In our earlier post, we discussed the provisions sprinkled throughout the Consolidated Appropriations Act of 2012 (Pub. L. 112-74) that prohibit certain agencies from using federal appropriated funds “to enter into a contract . . .[with] any corporation that was convicted of a felony criminal violation under any Federal law within the preceding 24 months, where the awarding agency is aware of the conviction, unless the agency has considered suspension or debarment of the corporation and made a determination that this further action is not necessary to protect the interests of the Government.” As we noted, this is not a government-wide prohibition, but rather Congress inexplicably included the exclusion provisions in only five of the nine Divisions comprising the Act, and established different standards in the various exclusion provisions.

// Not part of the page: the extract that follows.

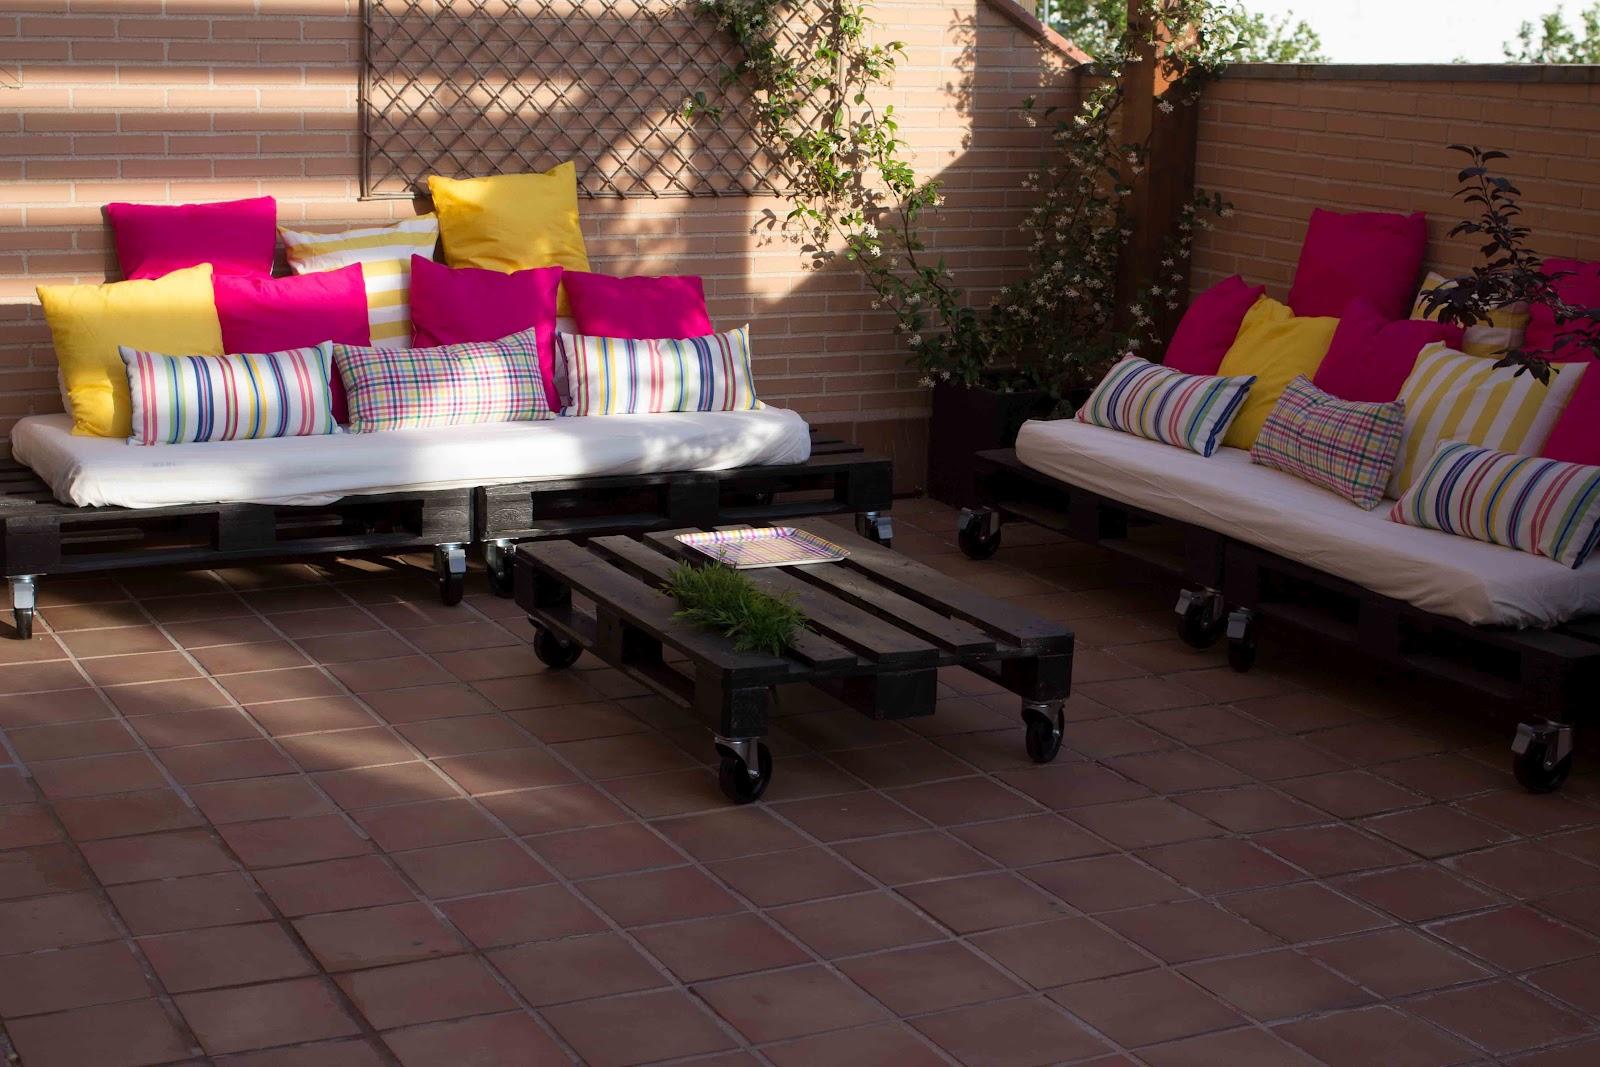 sof de pals para la terraza

Federal agencies are now attempting to implement this requirement. Indeed, contracting officers are particularly concerned as issuance of a contract in violation of the restriction could result in a violation of the Anti-Deficiency Act. The Federal Acquisition Regulatory Council opened a FAR Case and a proposed FAR provision is due to the Council on March 7, 2012. (FAR Case 2012-005). Given the different standards under the Act that apply to different agencies and the complexities underlying appropriations law, this will not be a simple undertaking. 

In the interim, on January 23, 2012, the DoD’s Director of Defense Procurement and Acquisition Policy issued a DFARS class deviation effective immediately that imposes a new certification requirement on contractors in an effort to comply with the Appropriations restriction. The deviation established DFARS 252.209-7999 to be used whenever the agency is using FY 2012 funds and requires that all offerors on DoD contracts complete the following representation:

The Offeror represents that –

It is [ ] is not [ ] a corporation that was convicted of a felony criminal violation under Federal law within the proceeding 24 months.

DoD’s implementation still leaves some open questions. For example, DoD’s interim certification appears to assume the restriction only applies to “the offeror.” The statute, however, is ambiguous as to whether it is limited to the contractor or applies to all affiliated entities under the same corporate umbrella. Further, the DFARS deviation is required to be included on all solicitations, but both the statute and DoD’s class deviation are unclear as to whether this restriction applies to new task or delivery orders under existing contracts. Thus, even though DoD and other agencies are diligently working to clarify the Act’s requirements, many questions remain. It will be interesting to see how the FAR Council proposes to manage this unruly statutory scheme.